De leden van de VVD-fractie vragen waarom de «wijze van indexeren van de pensioenen» een wetswijziging behoeft. Is een wetswijziging wel nodig, en moet de wet dan in de toekomst bij een nieuwe afspraak tussen sociale partners over indexatie wederom worden aangepast?

Bovendien vragen de leden van de VVD-fractie zich af waarom de wetswijziging in dat lid imperatief is opgesteld, en in de memorie van toelichting een keuzevrijheid staat. Hoe verhouden die twee zich tot elkaar?

Ja, een wetswijziging is hiervoor nodig. De WPA regelt dat de pensioenovereenkomst (naar burgerlijk recht) wordt gesloten door de sociale partners op basis van het overlegmodel. Aan dit uitgangspunt wordt niets afgedaan.

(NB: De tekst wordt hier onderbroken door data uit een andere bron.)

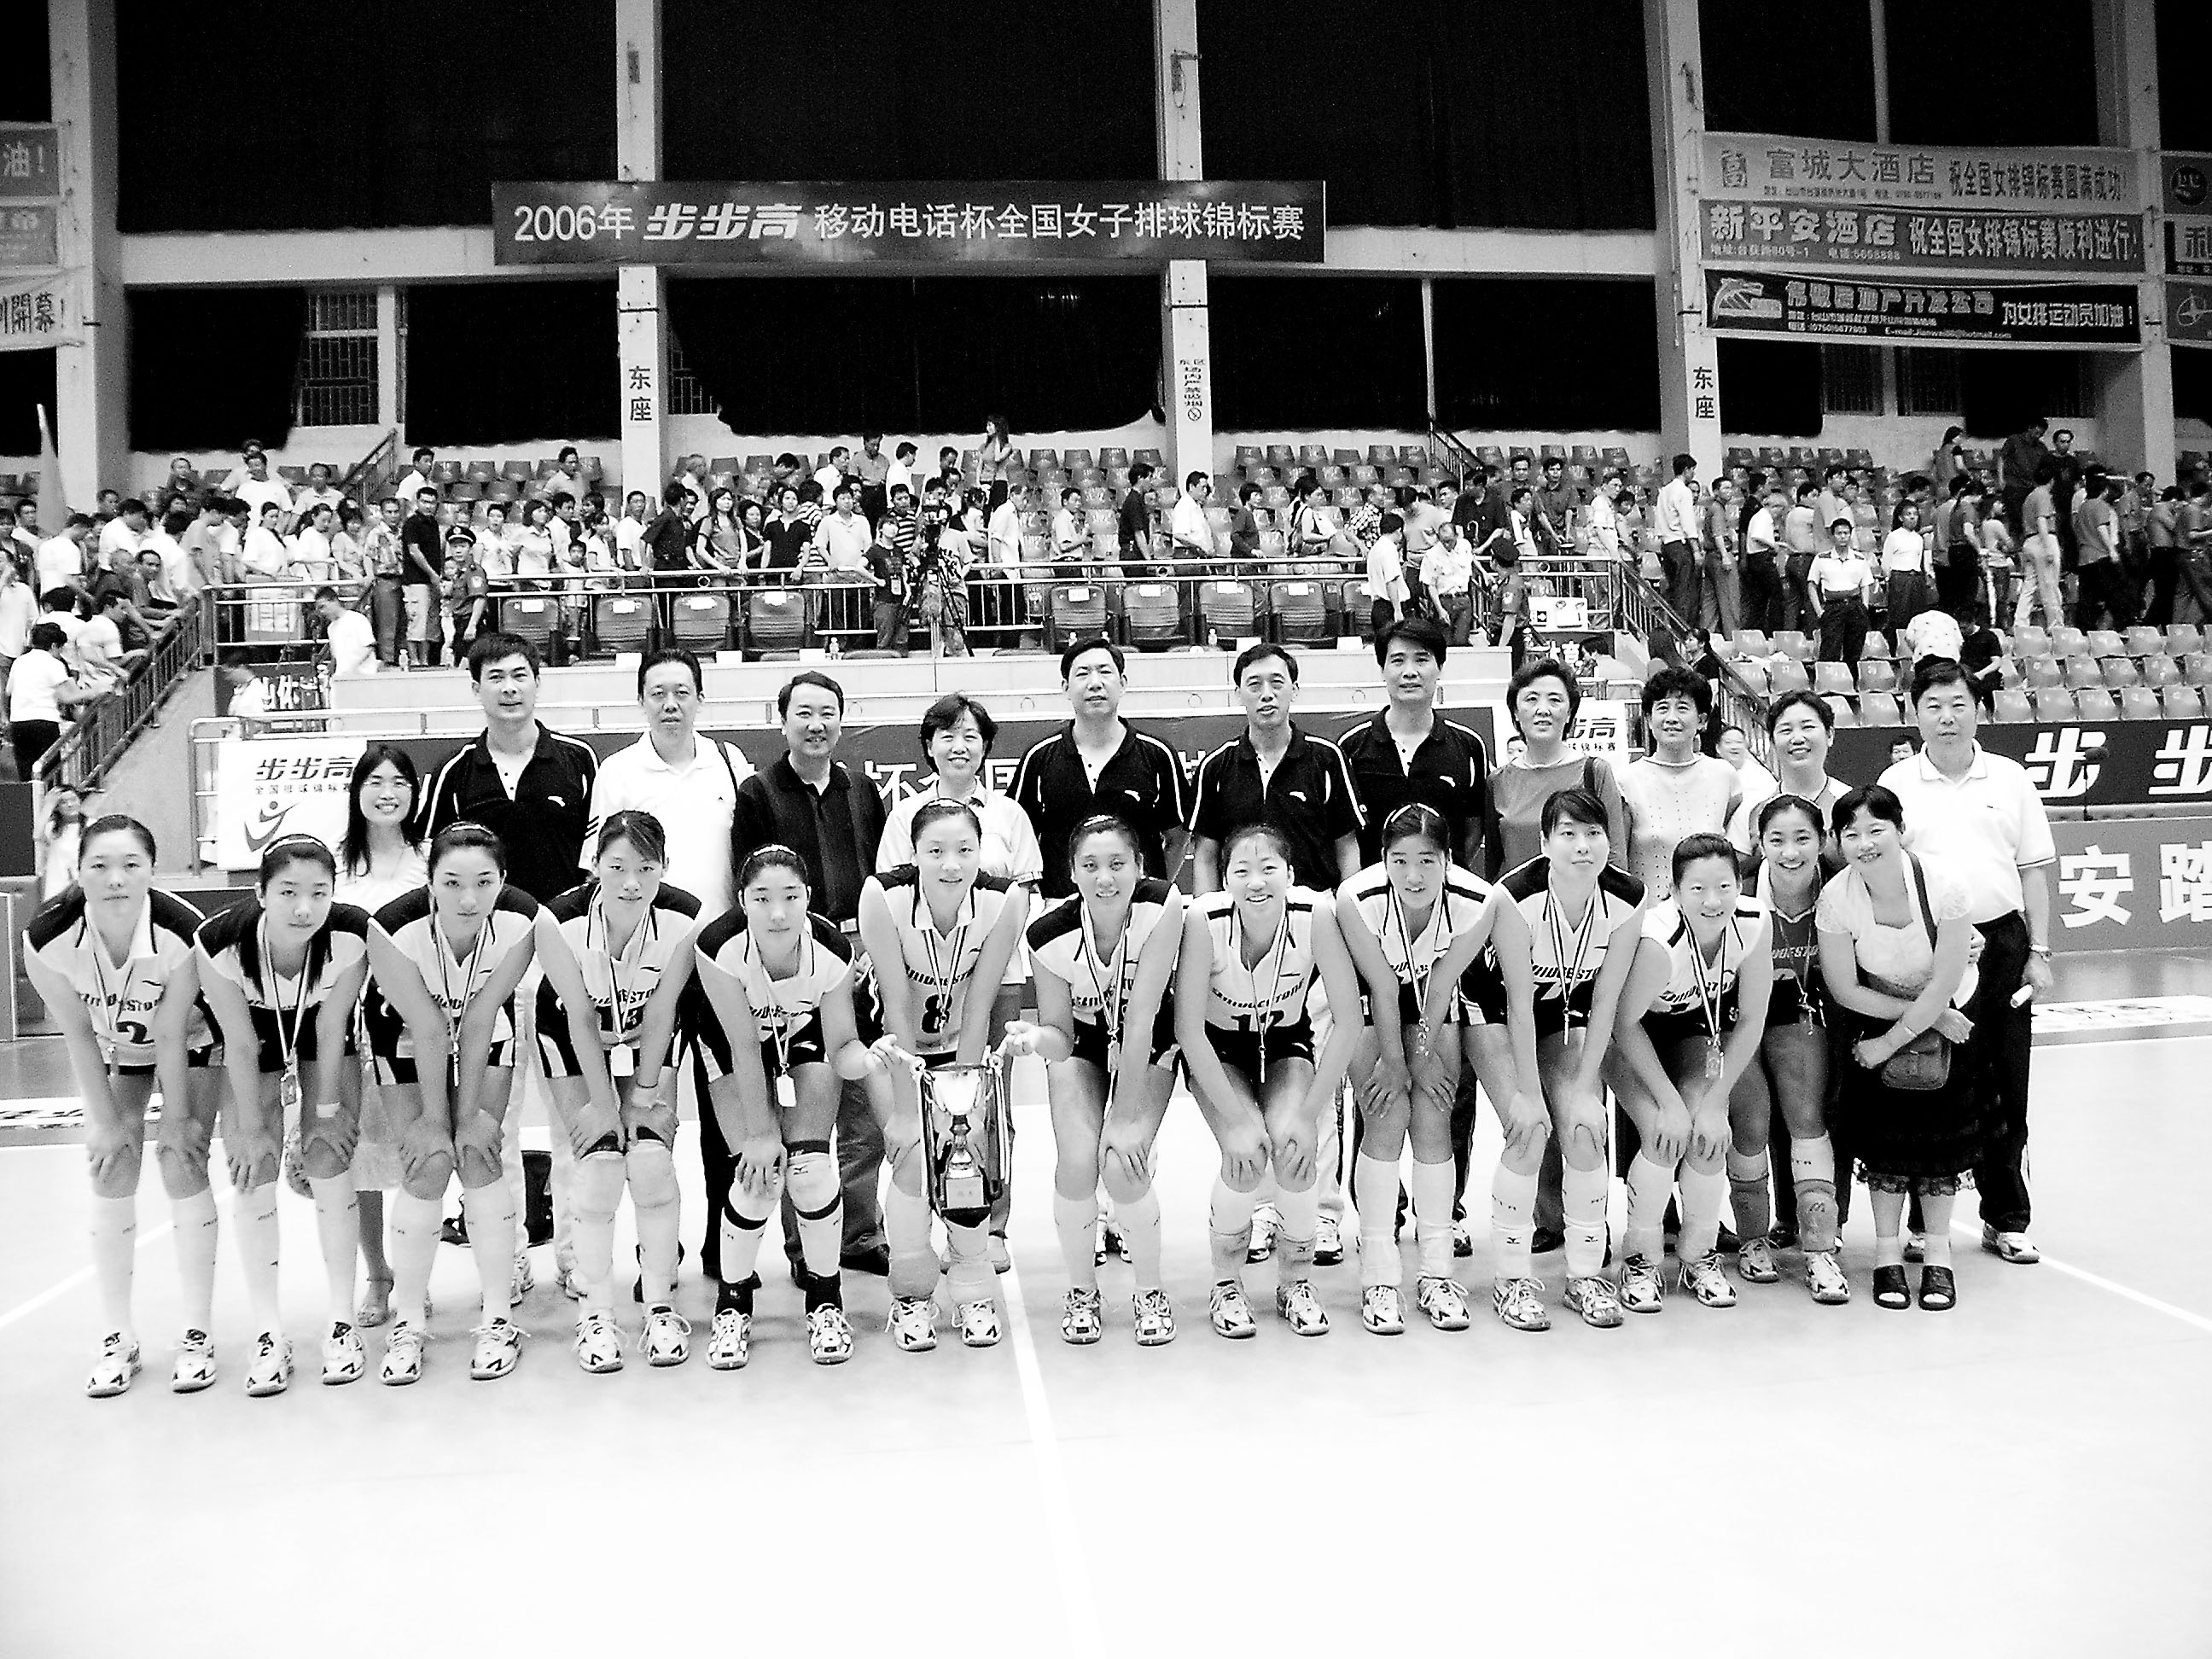 天津女排奪得冠軍獎盃後在台山體育館合影

Onlangs hebben sociale partners afgesproken dat de indexatiewijze wordt gewijzigd van loon- naar prijsindexatie. Artikel 10 van de WPA regelt dat voor de aanspraken en pensioenen van voor 1996 een voorwaardelijke loonindexatie geldt. Dit is heel specifiek voor de privatisering van het ABP destijds; in de markt geldt dit niet. Zonder wetswijziging zou dit betekenen dat een deel van de pensioen(aanspraken) – namelijk die rechten opgebouwd vóór 1996 – niet via prijzen kunnen worden geïndexeerd. Zo zou een situatie ontstaan met wisselende indexatiemethoden, voor verschillende generaties, maar ook binnen het pensioen van één persoon zou dan een deel via loon- en een ander, steeds wisselend deel via prijzen worden geïndexeerd. Als de WPA op dit punt niet gewijzigd wordt, ontstaat daarom een ongewenste tweedeling tussen verschillende generaties in de ABP-populatie, waardoor een groep van personen met pensioen(aanspraken) opgebouwd voor 1996 tot in lengte van jaren loonindexatie krijgt, betaald door het deel van de ABP-populatie dat actief aanspraken opbouwt. Die tweedeling in het bestand is niet beoogd door de toenmalige wetgever, en nu evenmin de wens van sociale partners en het ABP. Een dergelijke tweedeling in het bestand is volstrekt ongewenst, nog even los van de vraag naar de uitvoerbaarheid hiervan op korte termijn, of de juridische houdbaarheid van een dergelijke indexatietweedeling in de toekomst.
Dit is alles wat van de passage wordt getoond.